Input data
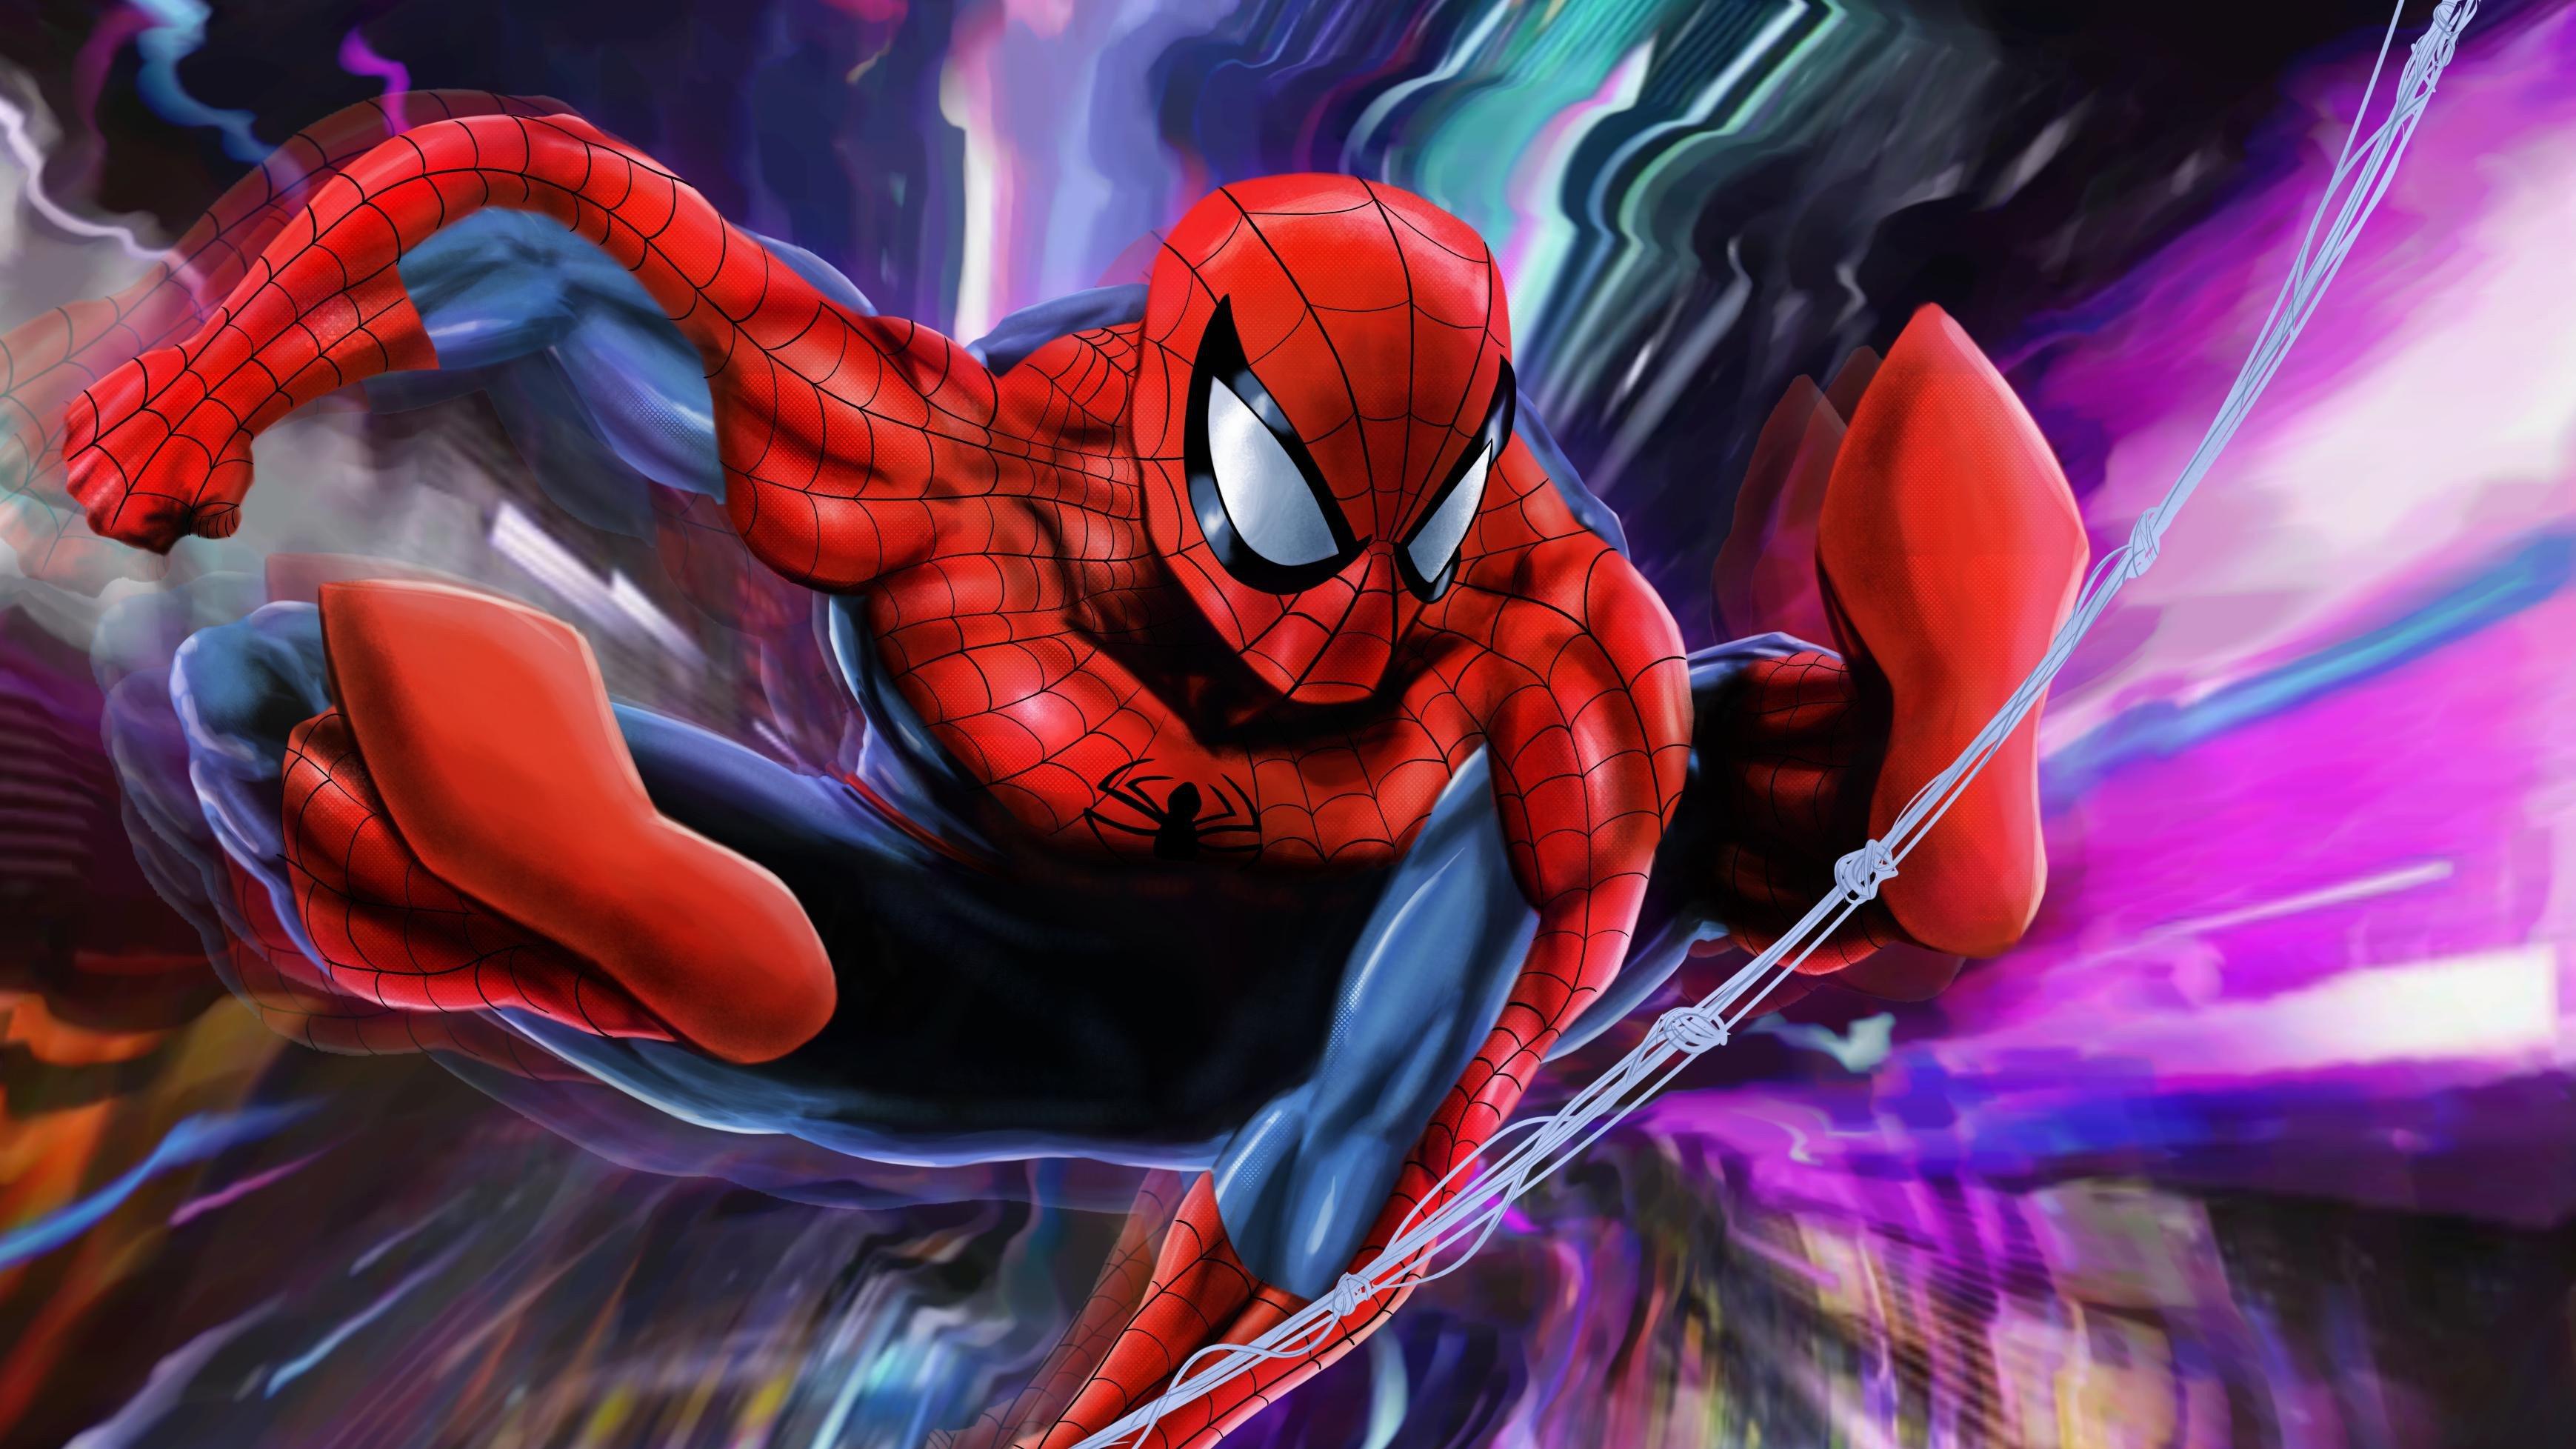 Fondos de pantalla El hombre araña con fondo colorido
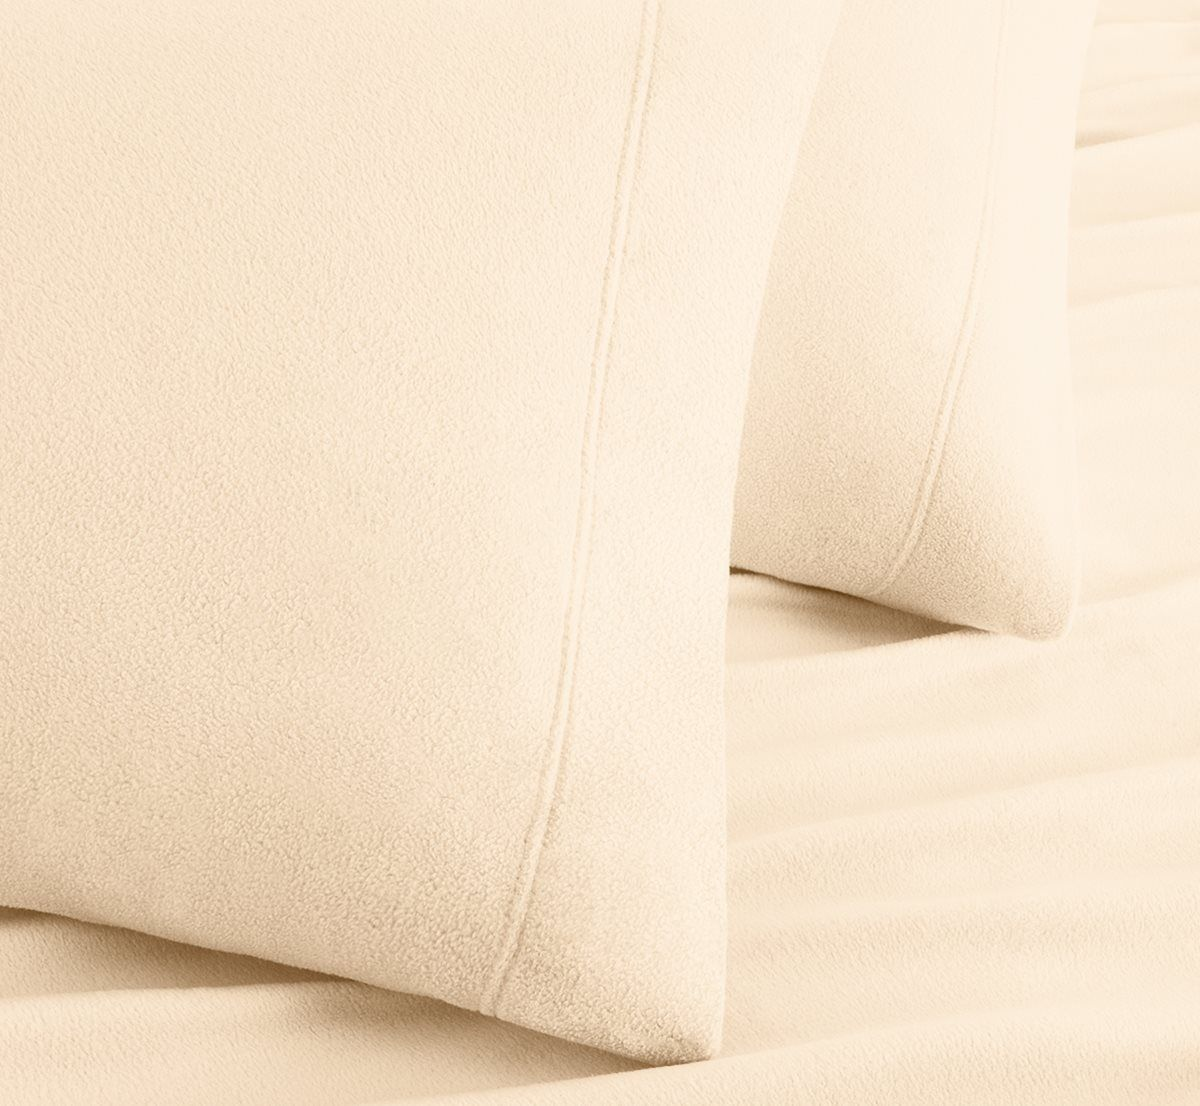 SHEEX Performance Fleece pillowcases promise to keep you
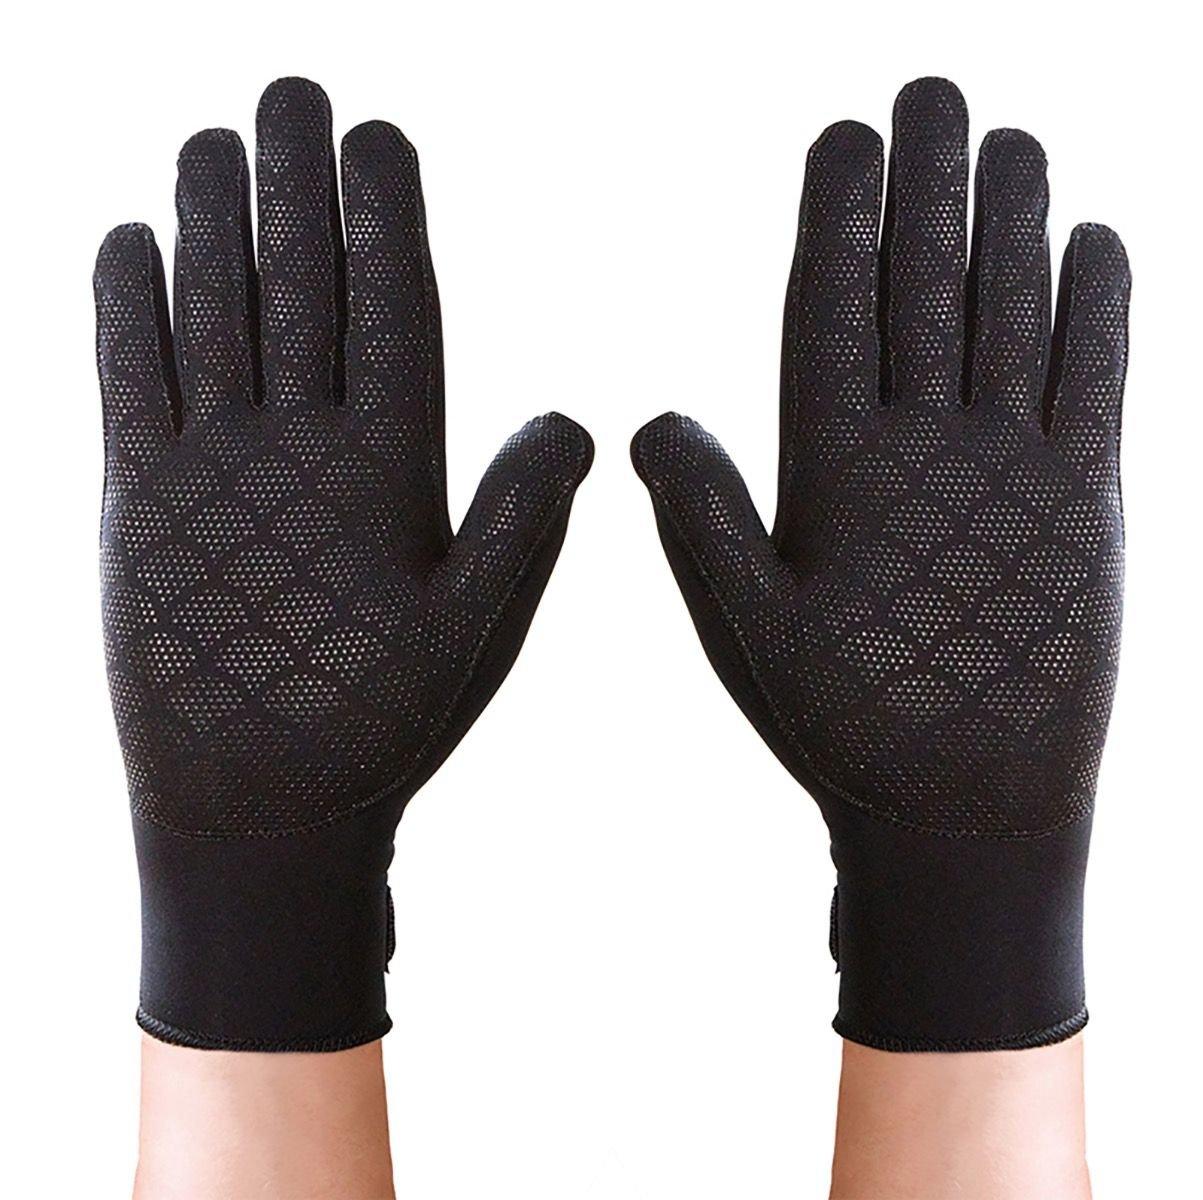 Ranking TOP11 Thermoskin Arthritis Gloves Full Max 87% OFF Black Finger Medium
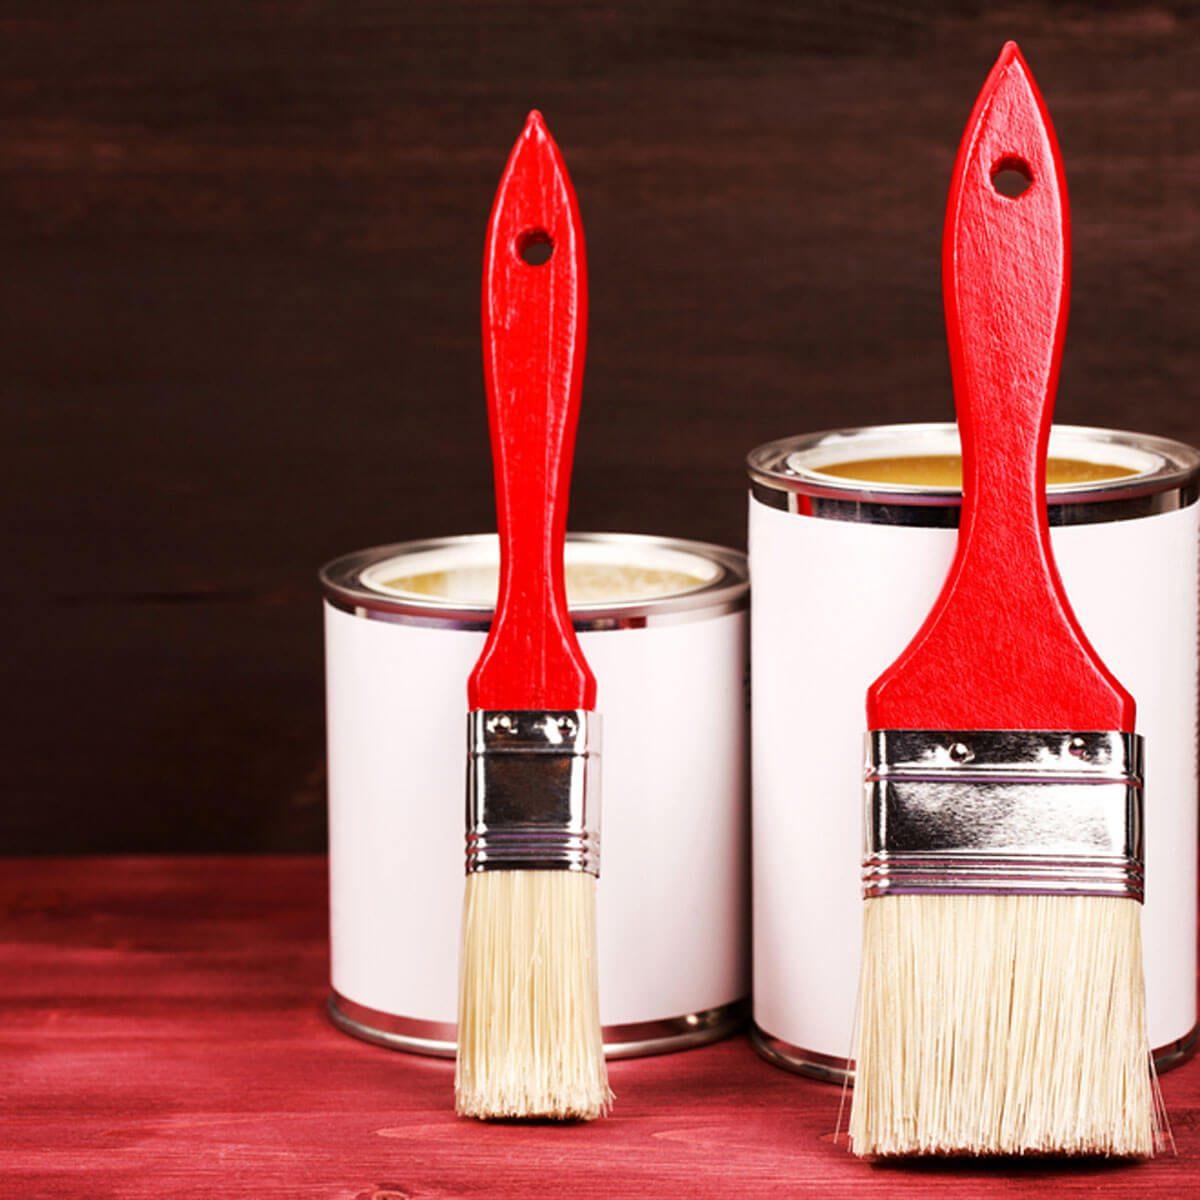 dfh1_shutterstock_497543731 paint bucket brushes

Task to carry out
The task calls for every line of the data to be returned exactly, without pictures.

Answer to the problem
 Fondos de pantalla El hombre araña con fondo colorido
 SHEEX Performance Fleece pillowcases promise to keep you
 Ranking TOP11 Thermoskin Arthritis Gloves Full Max 87% OFF Black Finger Medium
 dfh1_shutterstock_497543731 paint bucket brushes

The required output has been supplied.